Te escribo en esa hora del domingo en la que suelo contemplarte, en la que acudo al templo sólo por verte, por saber que estás bien, por saber que te sigues desenvolviendo en la vida y haciendo cosas. Ya no estuviste la semana pasada y tampoco creo que estés hoy. De todas formas, también quiero hacerme a la idea de que, si Dios quiere, ya no volveré a verte hasta septiembre u octubre, insisto, si Dios quiere y si tú no te dedicas a otra cosa.

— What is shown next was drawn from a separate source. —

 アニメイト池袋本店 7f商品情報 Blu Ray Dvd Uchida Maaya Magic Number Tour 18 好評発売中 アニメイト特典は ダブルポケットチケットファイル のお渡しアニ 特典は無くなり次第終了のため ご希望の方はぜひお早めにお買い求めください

Me estoy desmoronando mientras me doy cuenta de que, en unas horas, entraré en la peor semana del año, con la consciencia de que ya el año pasado tuve una pérdida irreparable; a principios de este año, sentí otra inmensa, dolorosísima e insustituible (tú); y hace unos días, tuve la confirmación, aunque ya lo presentía, que mi futuro será muy jodido (no es lo mismo presentirlo que tener la confirmación, claro). Que pase pronto esta maldita semana.

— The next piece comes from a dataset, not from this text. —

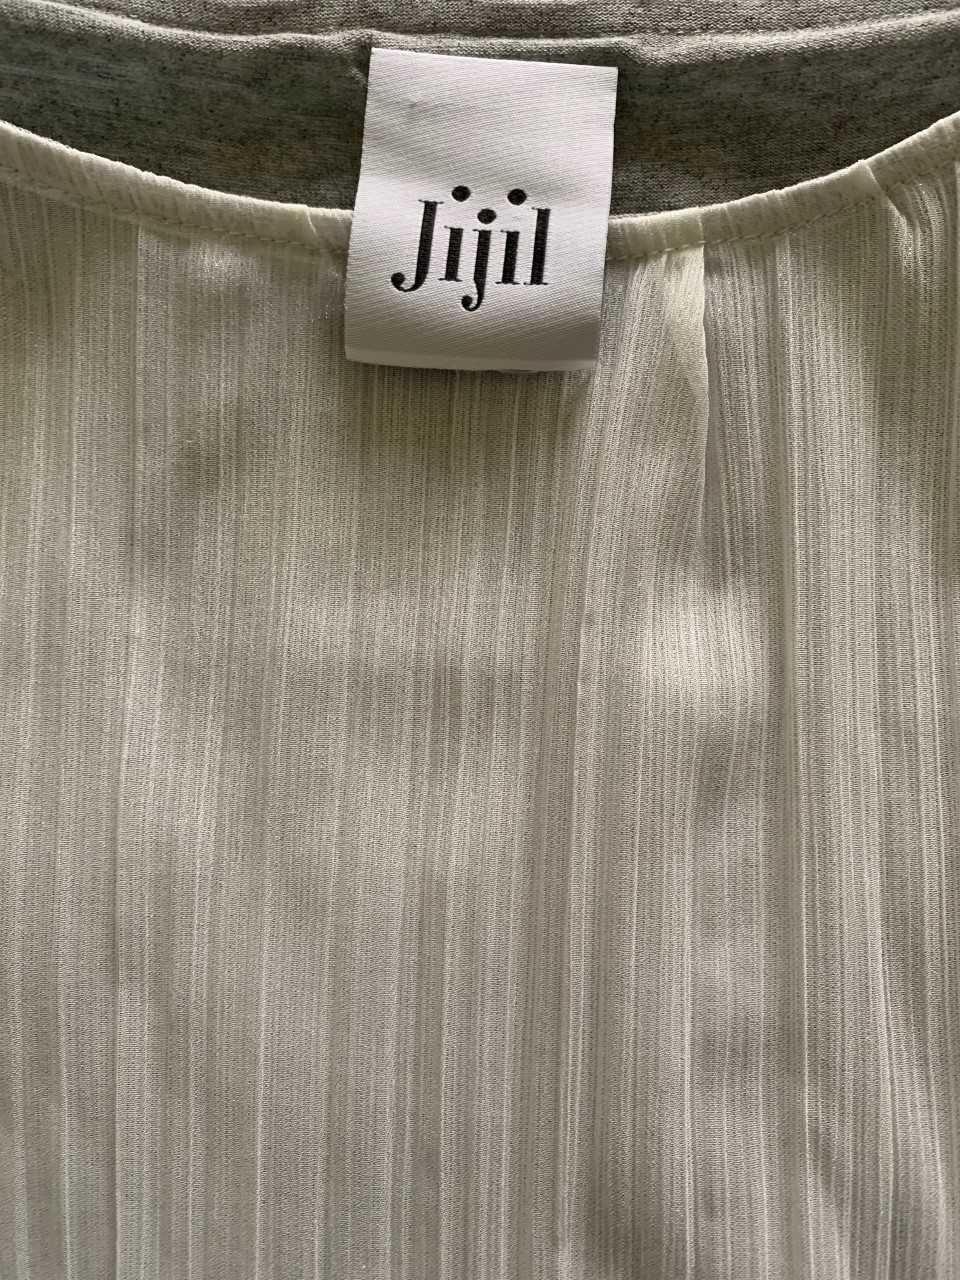 Продам блузу итальянского бренда Jijil

Ojalá que tú estés disfrutando del sol, del calor y de la vida que ello conlleva, que estés gozando mucho con familiares y seres queridos, incluso con el inseparable que mentabas ayer en tu red social, que lo estés pasando muy bien y te sientas muy bien con todo lo bueno que hay en tu vida. Que Dios guarde y cuide a todos los tuyos y a ti, María Tengoku, bendita seas siempre.